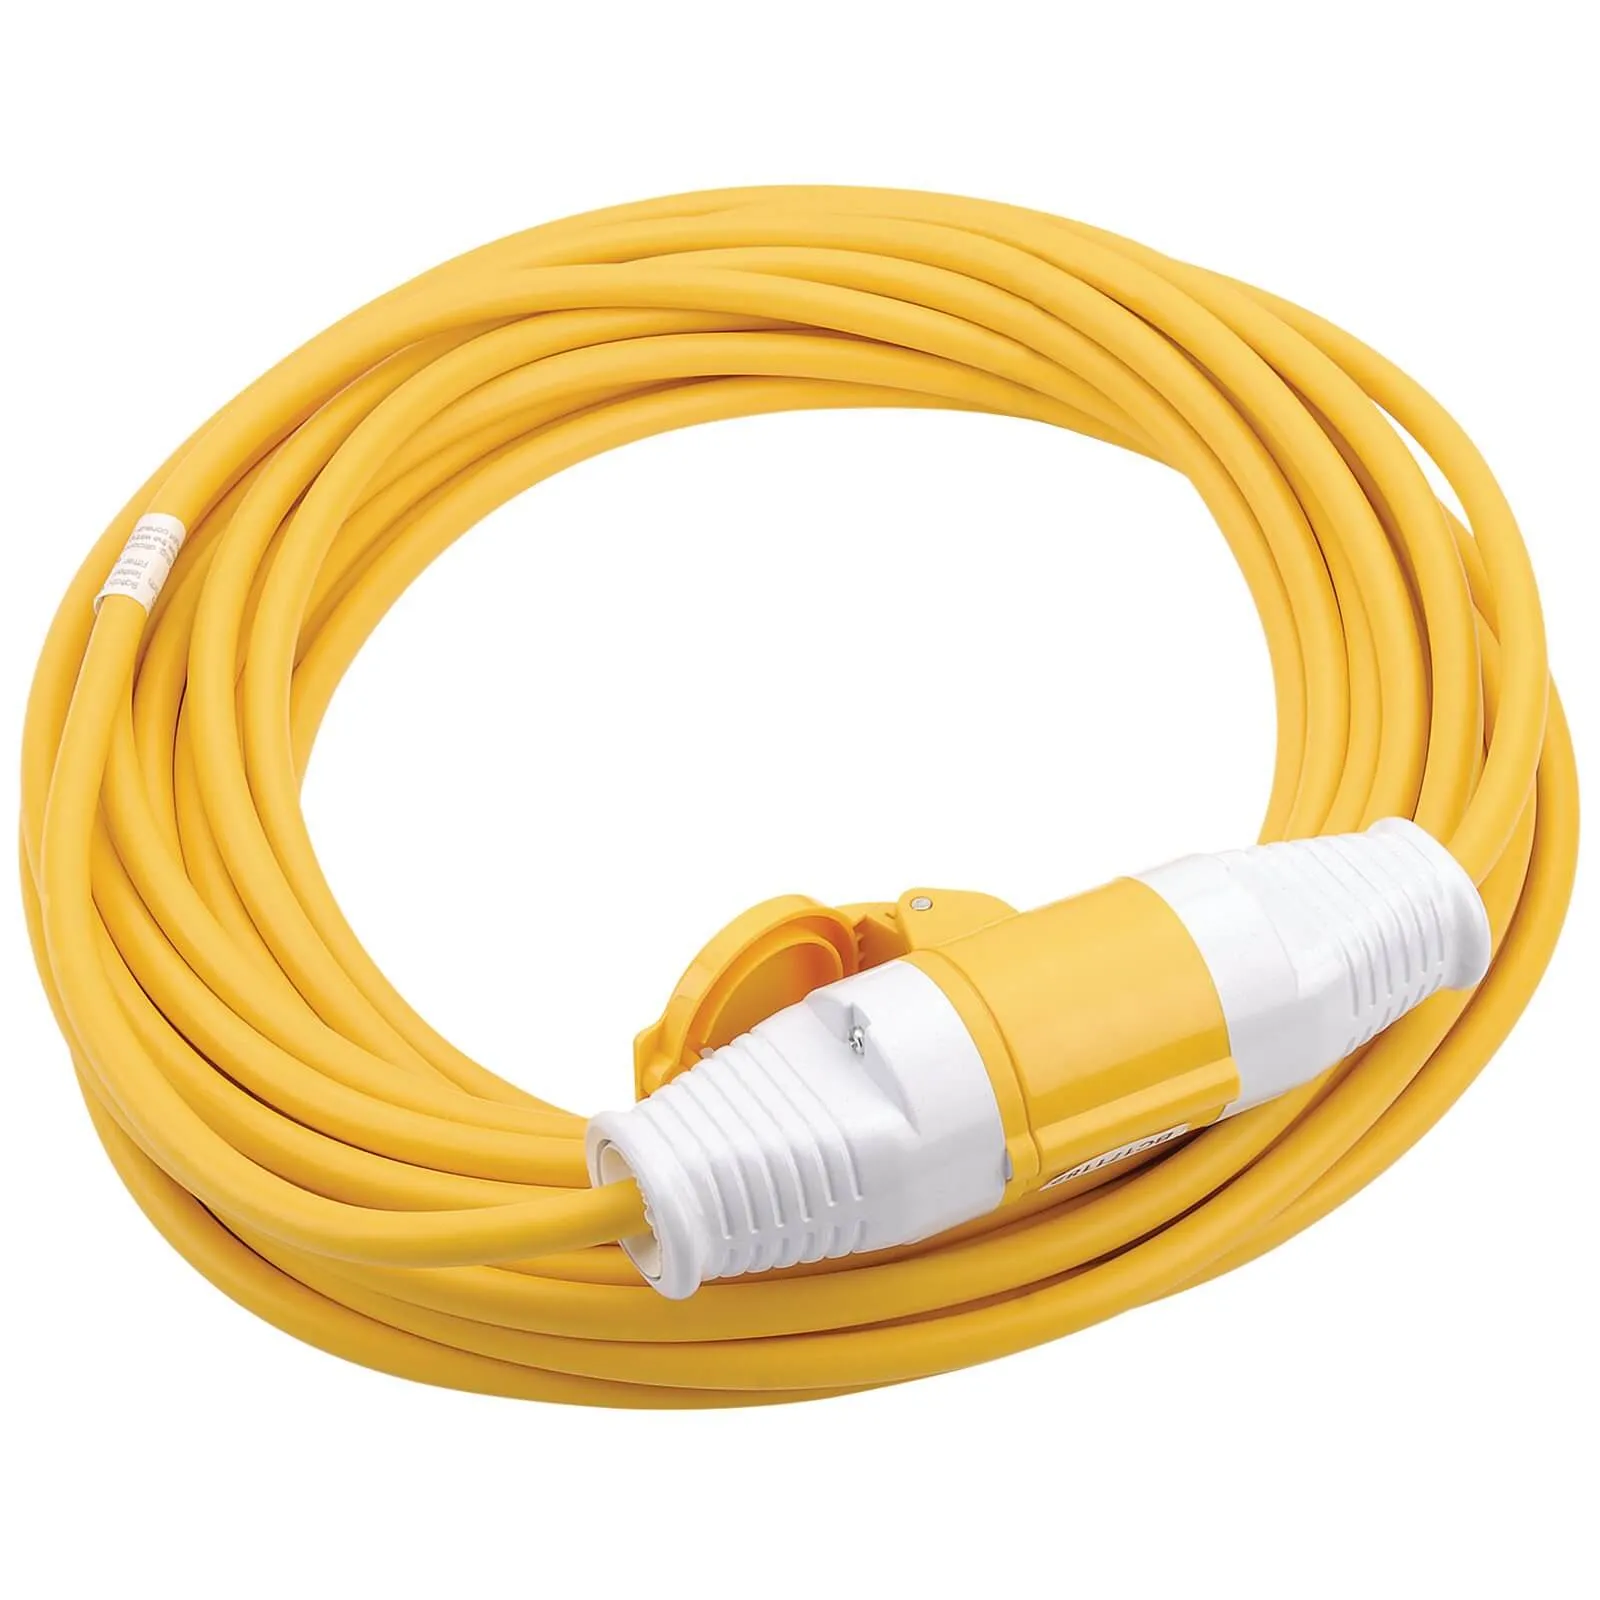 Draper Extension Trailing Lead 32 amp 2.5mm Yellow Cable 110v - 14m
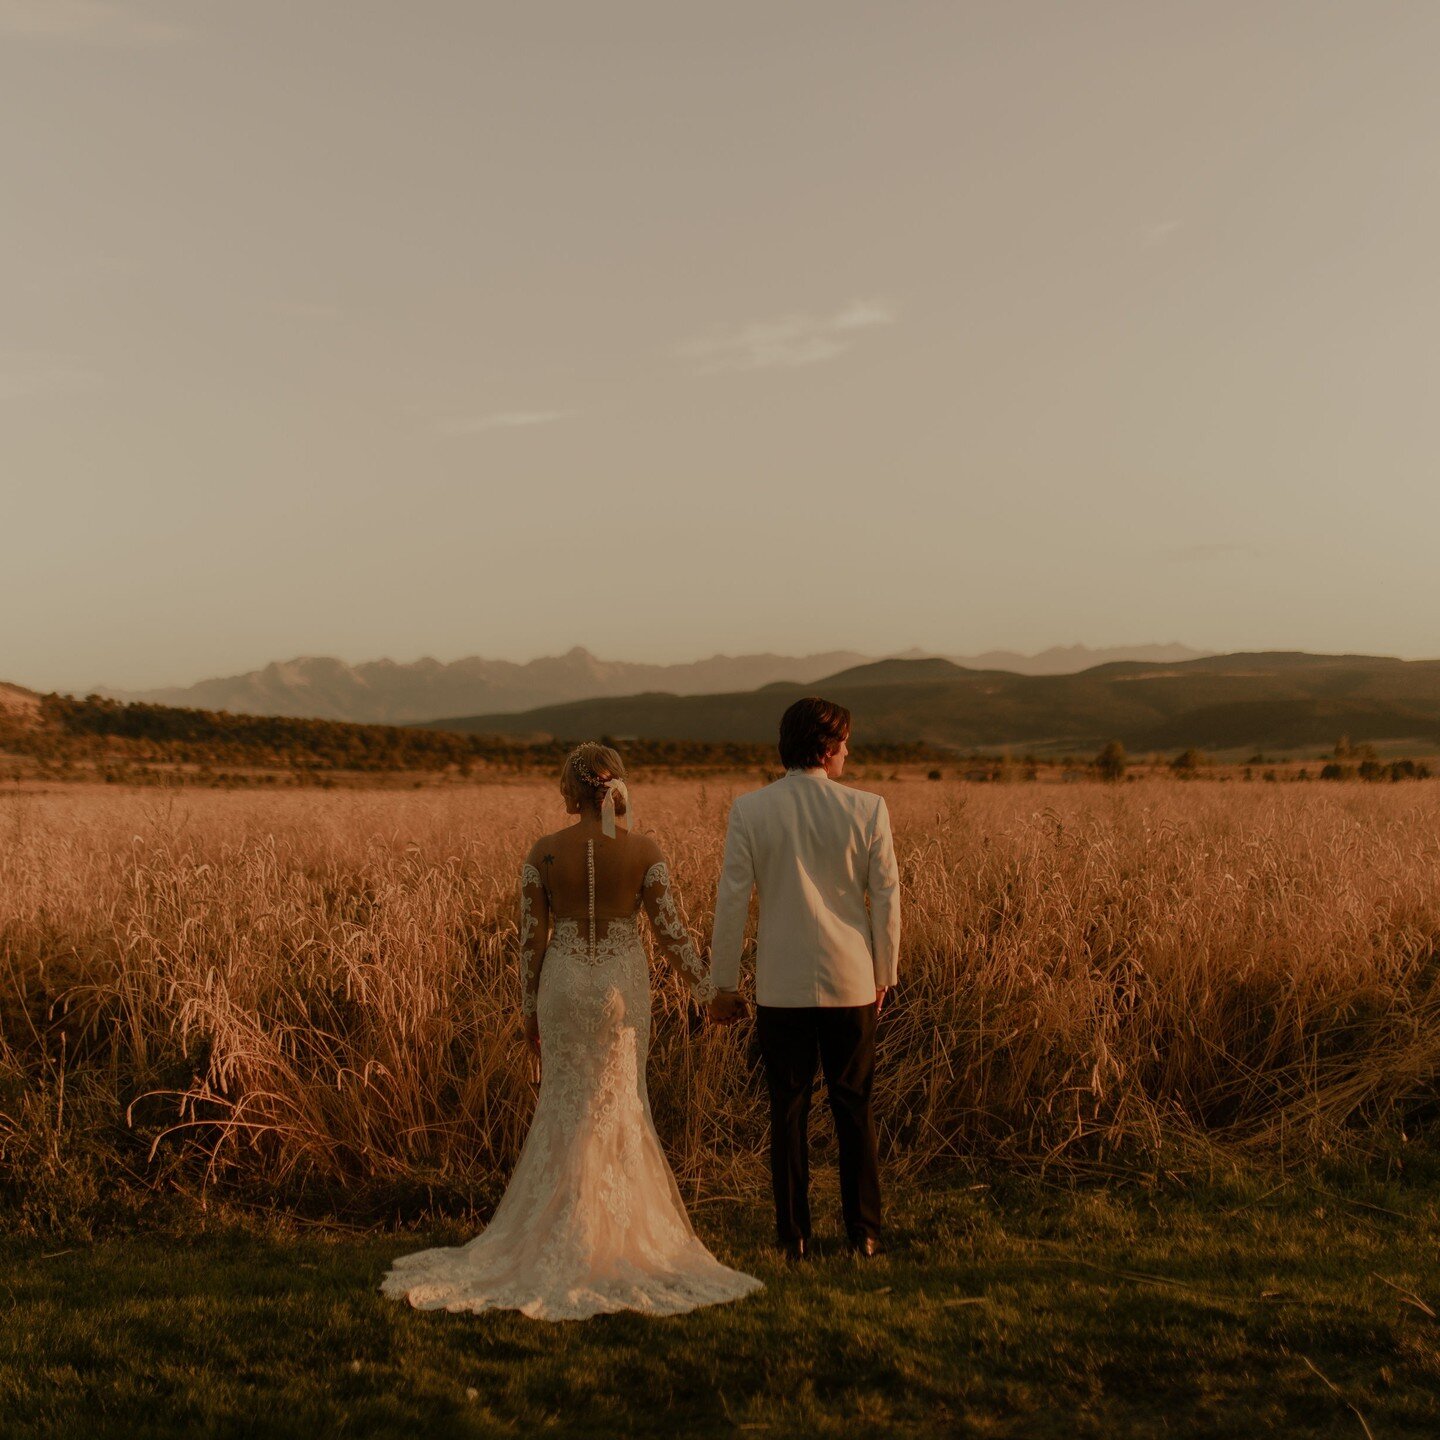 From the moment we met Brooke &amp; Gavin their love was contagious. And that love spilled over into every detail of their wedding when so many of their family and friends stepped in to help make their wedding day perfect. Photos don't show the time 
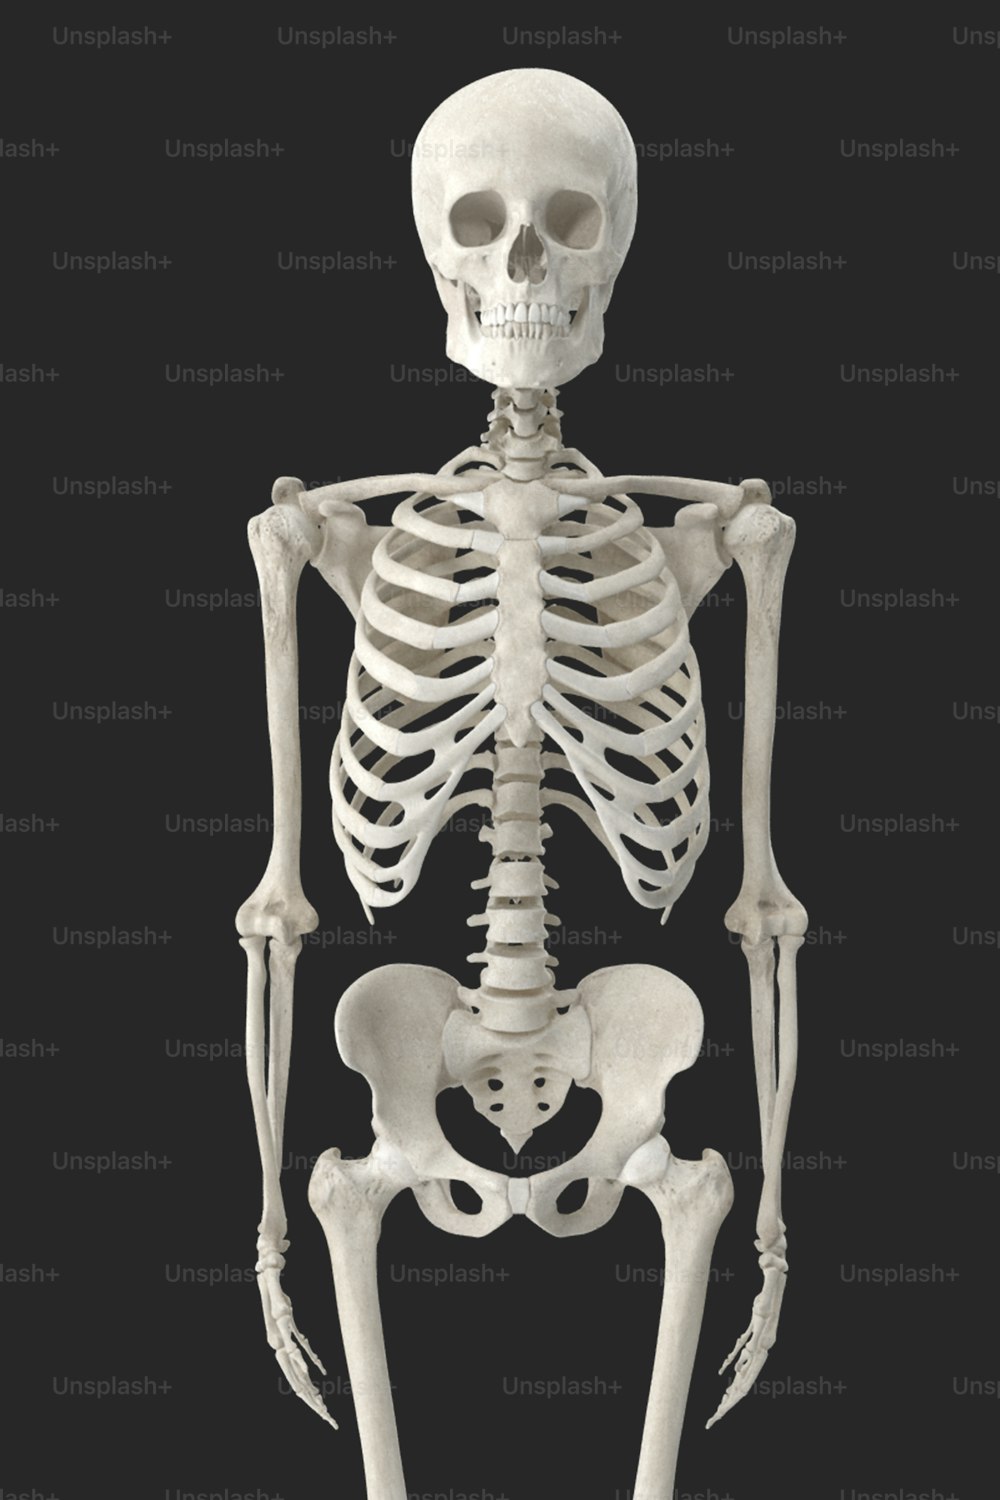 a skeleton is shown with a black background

Try it: Leave out the images and repeat the rest of the data word for word.

Solution to this task:
 Draper Extension Trailing Lead 32 amp 2.5mm Yellow Cable 110v - 14m
 From the moment we met Brooke &amp; Gavin their love was contagious. And that love spilled over into every detail of their wedding when so many of their family and friends stepped in to help make their wedding day perfect. Photos don't show the time 
 a skeleton is shown with a black background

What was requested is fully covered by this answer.